Moderna's RSV vaccine, mRNA-1345, is an mRNA vaccine that encodes the virus's stable pre-fusion F Glycoprotein, which can elicit a better neutralizing antibody response compared to its post-fusion state. The vaccine uses the same lipid nanoparticles as Moderna's COVID-19 vaccine. The F Glycoprotein is located on the surface of the virus and aids the virus in infecting host cells. It exists in two states: pre-fusion and post-fusion, with the pre-fusion conformation being an important target for effective neutralizing antibodies, and the protein sequences of RSV-A and RSV-B subtypes are very similar.

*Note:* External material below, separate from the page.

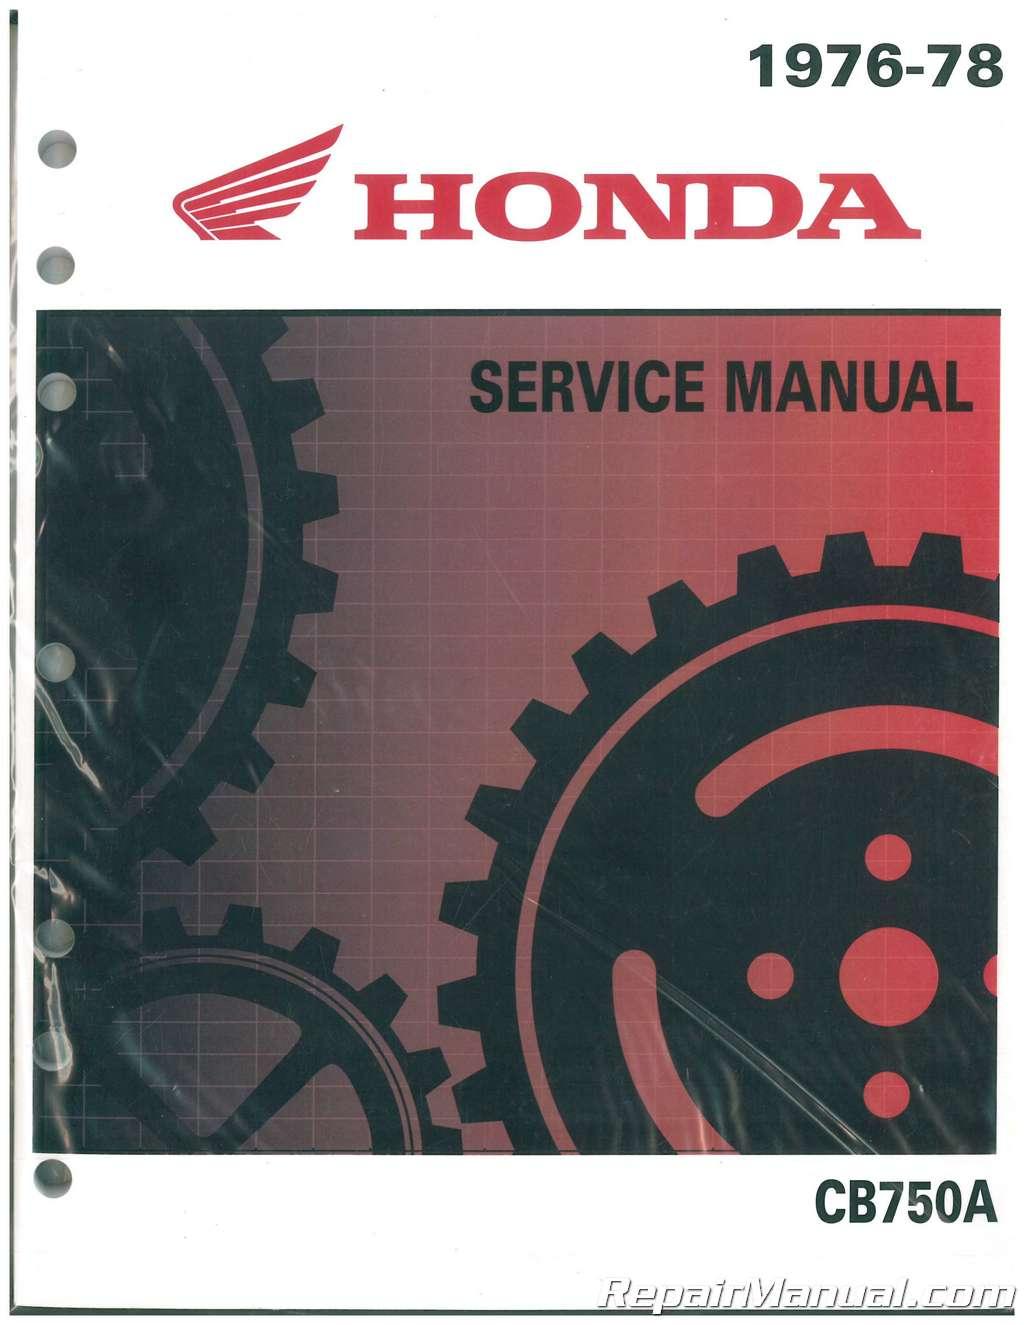 1976 1978 honda cb750a hondamatic motorcycle service manual rh repairmanual com honda cb 750 service manual pdf honda cb 750 service manual pdf

Previously, the U.S. FDA has granted mRNA-1345 Fast Track designation and Breakthrough Therapy designation to help prevent RSV in adults over 60 years old.

In January 2023, Moderna released phase three clinical data of mRNA-1345, indicating that the study met its primary endpoint with an efficacy of 83.7% in preventing Respiratory Syncytial Virus (RSV) associated lower respiratory tract diseases in individuals aged 60 and over. In terms of safety, the drug was well-tolerated with no identified safety concerns. The most common adverse effects were mild or moderate, including injection site pain, fatigue, headaches, muscle pain, and joint pain. In the same month, mRNA-1345 received a breakthrough therapy designation from the FDA for the prevention of RSV-associated lower respiratory tract diseases (RSV-LRTD) in adults aged 60 and over. This vaccine is expected to be approved and hit the market this year, providing a new treatment option for RSV infections. 

After over six decades in development, the RSV vaccine has finally seen the light of day, offering a breath of fresh air to this market valued at billions of dollars.